Data:
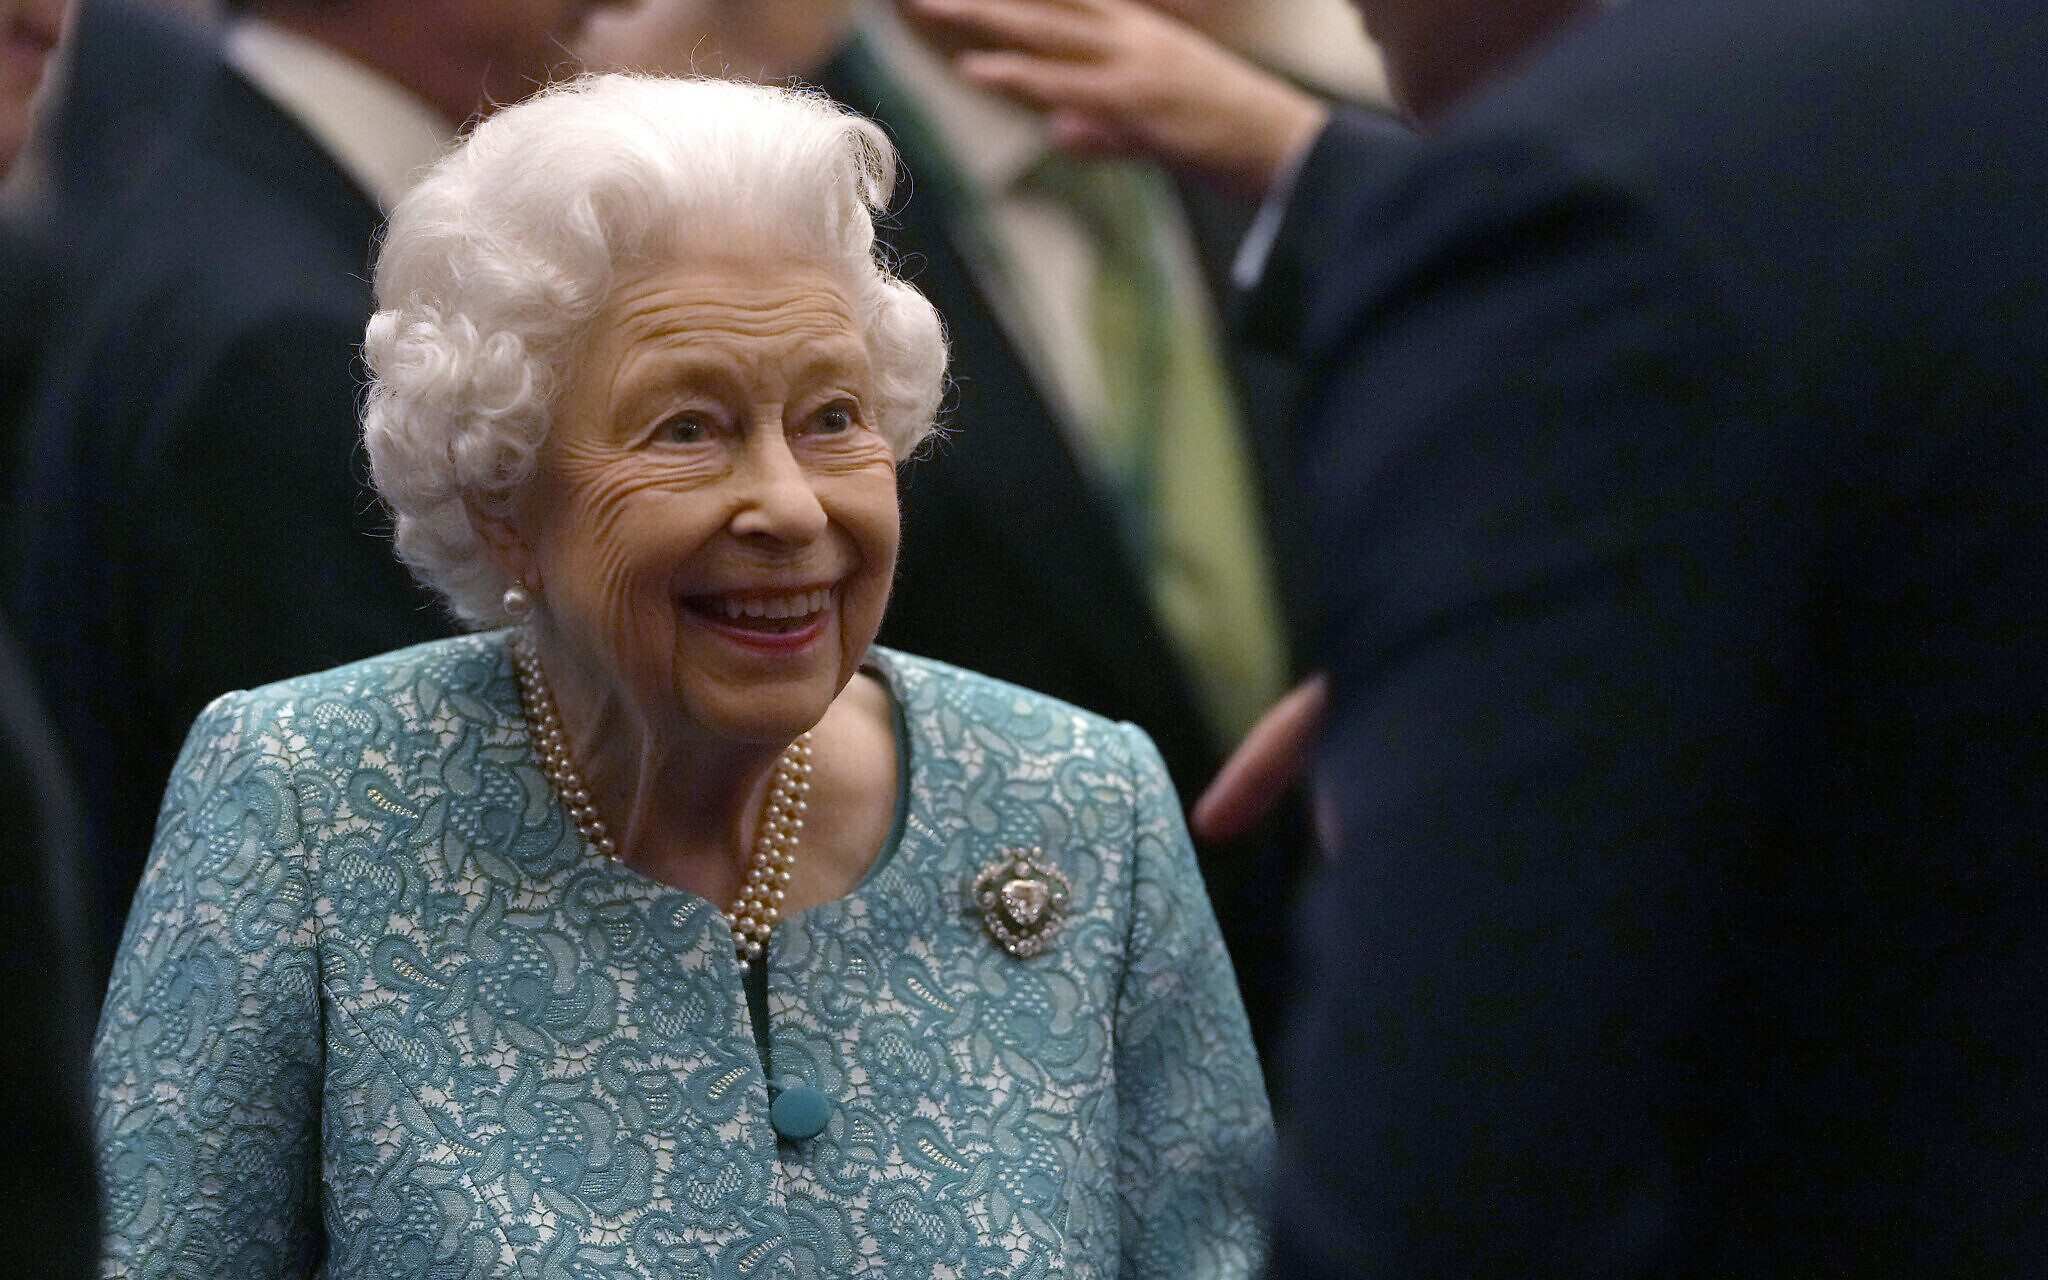 Ολόκληρη η ζωή της βασίλισσας Ελισάβετ σε ένα timelapse βίντεο λίγων δευτερολέπτων
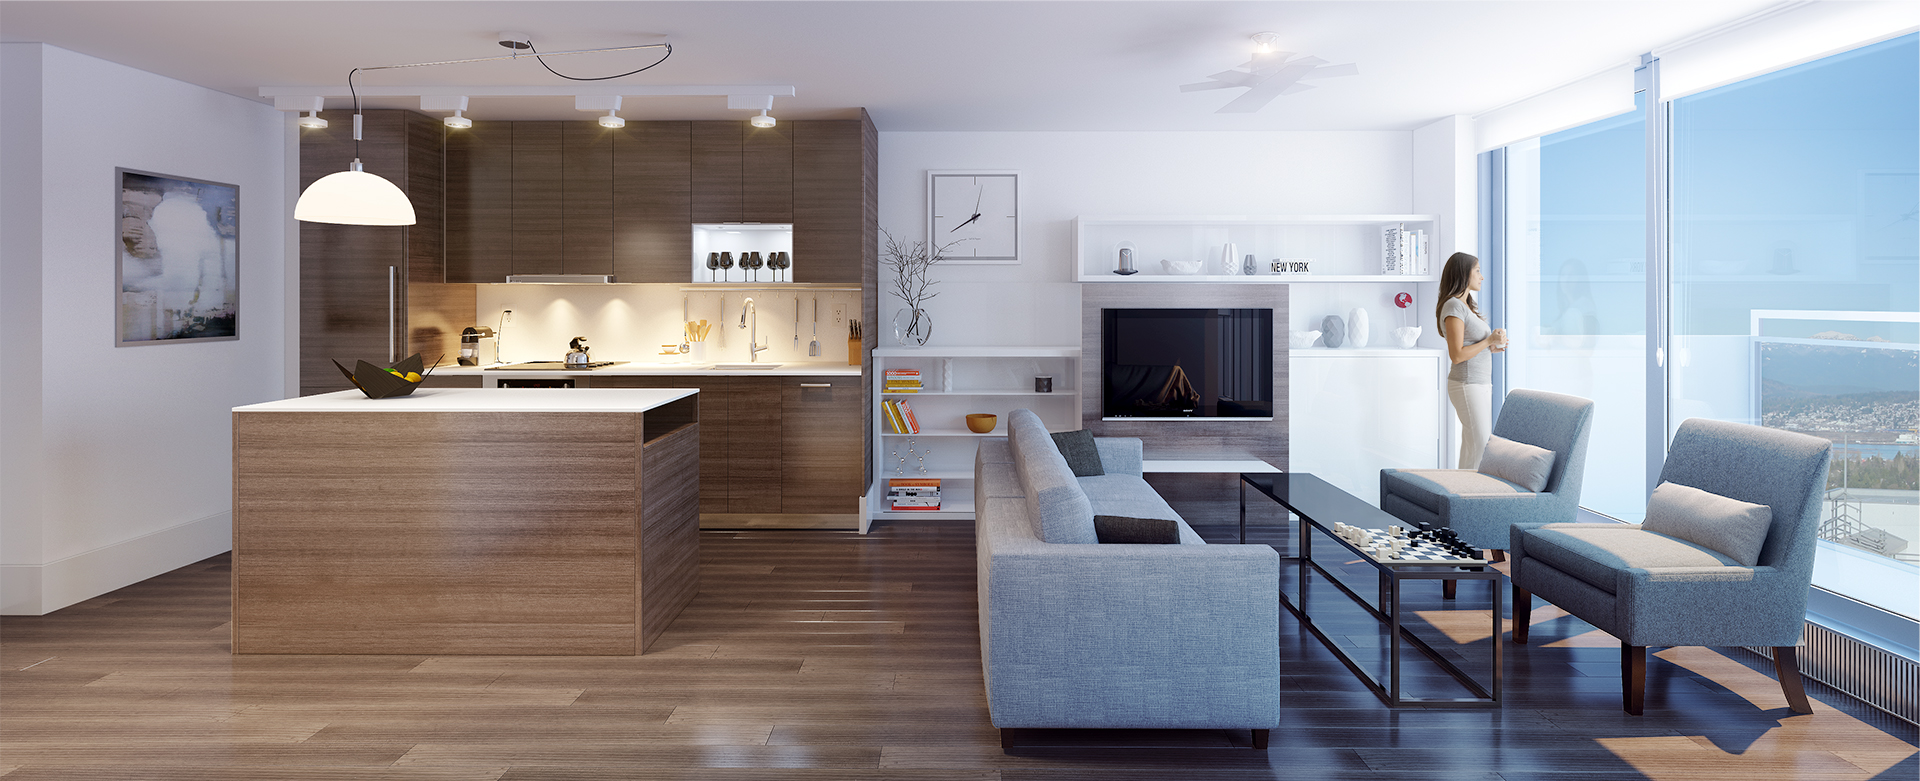 Kitchen lounge Interior Design Ideas
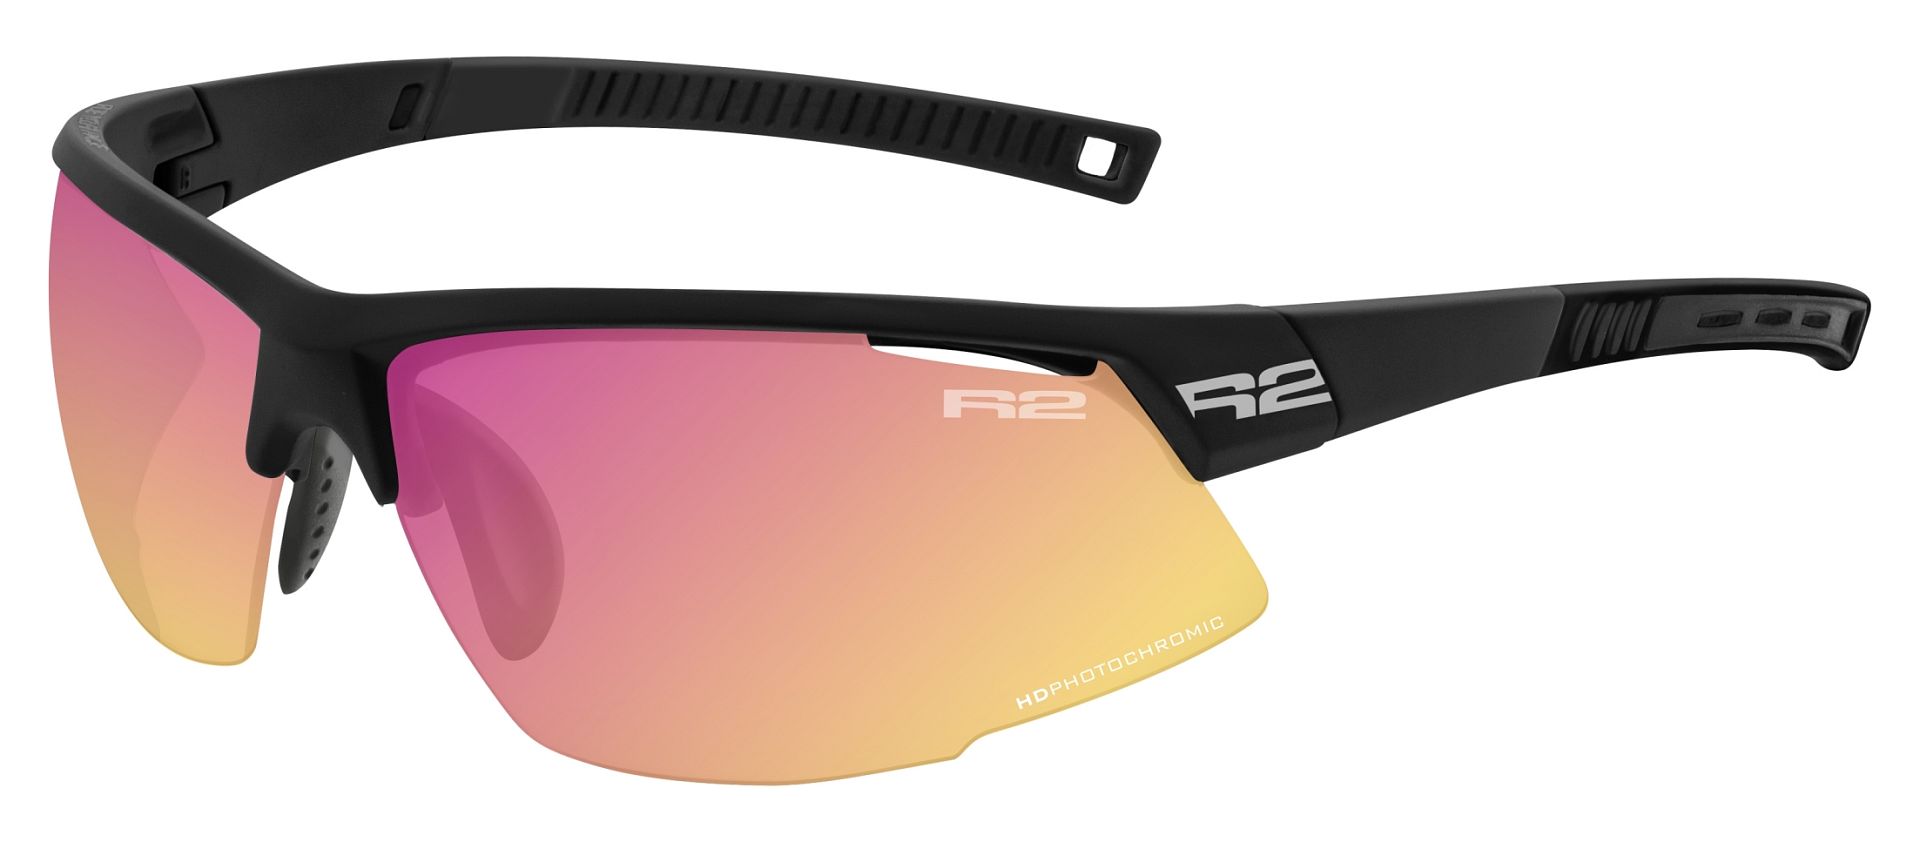 Fotochromatické brýle R2 RACER AT063A9 černá/oranžová
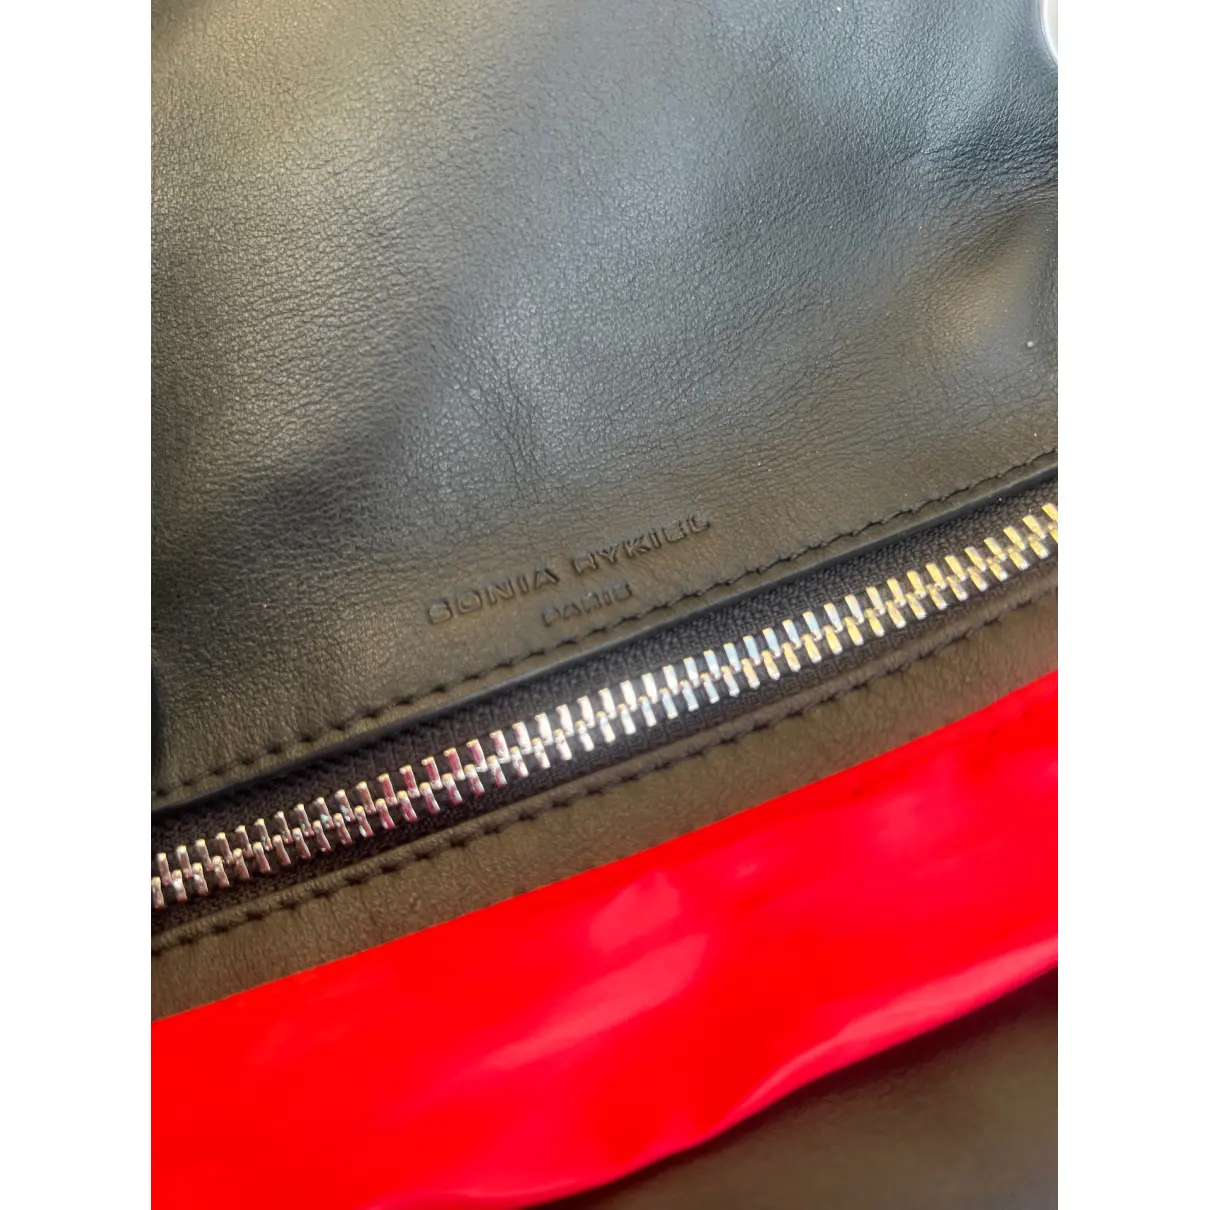 Le Copain cloth handbag Sonia Rykiel - Vintage

Your assignment:
Restate the data above word for word. Do not include the images.

Task result:
 Ολόκληρη η ζωή της βασίλισσας Ελισάβετ σε ένα timelapse βίντεο λίγων δευτερολέπτων
 Kitchen lounge Interior Design Ideas
 Fotochromatické brýle R2 RACER AT063A9 černá/oranžová
 Le Copain cloth handbag Sonia Rykiel - Vintage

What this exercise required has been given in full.